For many years, the United Arab Emirates has been taking the lead in diversifying its economy by cultivating diplomatic and strategic relations with numerous countries. In comparison, Saudi Arabia has been pursuing these objectives only recently.

Oil quotas

Apart from this personal competition, differences between the two Gulf powers have been building up over a number of regional issues for years. They first openly boiled over when the OPEC+, led by Riyadh, imposed quotas in July 2021. This angered Abu Dhabi, which saw the decision as an obstacle to its oil production and income.

Prior to this, Saudi Arabia had pushed to end the blockade on Qatar, which had been initiated by the UAE, by organizing the signing of the Al-Ula agreements in January 2021.
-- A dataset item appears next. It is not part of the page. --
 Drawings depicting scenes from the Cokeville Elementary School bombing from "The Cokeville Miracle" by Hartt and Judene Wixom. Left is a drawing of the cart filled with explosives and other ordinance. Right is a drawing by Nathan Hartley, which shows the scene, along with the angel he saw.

In the Yemen war, launched by Saudi Arabia, the UAE had partially withdrawn its troops from Yemen to redeploy them in the south, in support of separatist groups opposed to the Saudi-backed Yemeni government.

In Sudan, the UAE is providing indirect military support to the Rapid Support Forces, while Saudi Arabia has evacuated thousands of people fleeing the conflict and hosted peace talks between the two parties in Jeddah — from which the UAE was excluded.

On normalization with Israel, the two Gulf heavyweights are also bifurcating. The United Arab Emirates dragged Bahrain, Morocco and Sudan along with them in signing the Abraham Accords, under the aegis of Washington in 2020, establishing diplomatic and trade relations with the Jewish state.

Riyadh, for its part, has laid down several conditions for an Israel-Saudi normalization, which would in any case take place outside the framework of the Abraham agreements, according to Emirati researcher Mira al-Hussein.

“Arabia wants to appear as a sovereign power that takes initiatives, not as a power that follows the initiatives of others,” said Hussein, a research fellow at the University of Edinburgh.

“If it were to join the Abraham Accords, it would hand the United Arab Emirates a victory by recognizing its influence and lead in the region. I don’t see how that would suit Saudi Arabia,” she added.

Regional hub

More recently, the two oil monarchies ramped up competition on the economic front. Part of Saudi Vision 2030 is clearly to make Riyadh a regional hub instead of Dubai, the preferred city for foreign investors and workers in the Gulf.

“But Riyadh is not as well positioned geographically as Abu Dhabi or Dubai,” said Hamdi, who also runs a consultancy firm for companies wishing to establish themselves in the Gulf.

“MBS’s push for regional headquarters to be set up in Saudi Arabia is in itself an admission that companies are not ready to take the plunge,” Hamdi said.

Saudi Arabia announced it will stop signing contracts with foreign companies whose regional headquarters are not based in the kingdom as of Jan. 1, 2024. To make itself more attractive, Saudi Arabia, like the UAE, opened four special economic zones offering companies competitive tax rates and exemption from customs duties on imports, production equipment and raw materials.

But the kingdom still seems to be struggling to attract expatriates. According to HSBC’s Expat Explorer 2021, the UAE is the world’s fourth best destination for foreign nationals to move to, while Saudi Arabia came in 45th place out of 46.

“But it’s not just socially permissive environments that attract expats, financial opportunities, cost of living and adjusted remuneration are important factors,” said Hussein.

“People came to Dubai in the conservative era for money, and others left after it opened up to the world,” she recalled.

Despite differences and rivalries, the ties between the two countries continue to be cemented by a number of shared strategic interests in the region, most notably the establishment of post-Arab spring authoritarian stability.

The rejection of Iran’s nuclear program is also something that unifies the UAE and Saudi Arabia, as is the limitation of Iran’s regional activities, notably in Yemen, from where the Houthi rebels launched numerous attacks on their territory.

Finally, a new rail project could strengthen cooperation between the two oil-rich monarchies, with the construction of a rail and sea network linking them with India.

Sponsored by the US, the project clearly aims to compete with China’s Belt and Road Initiative.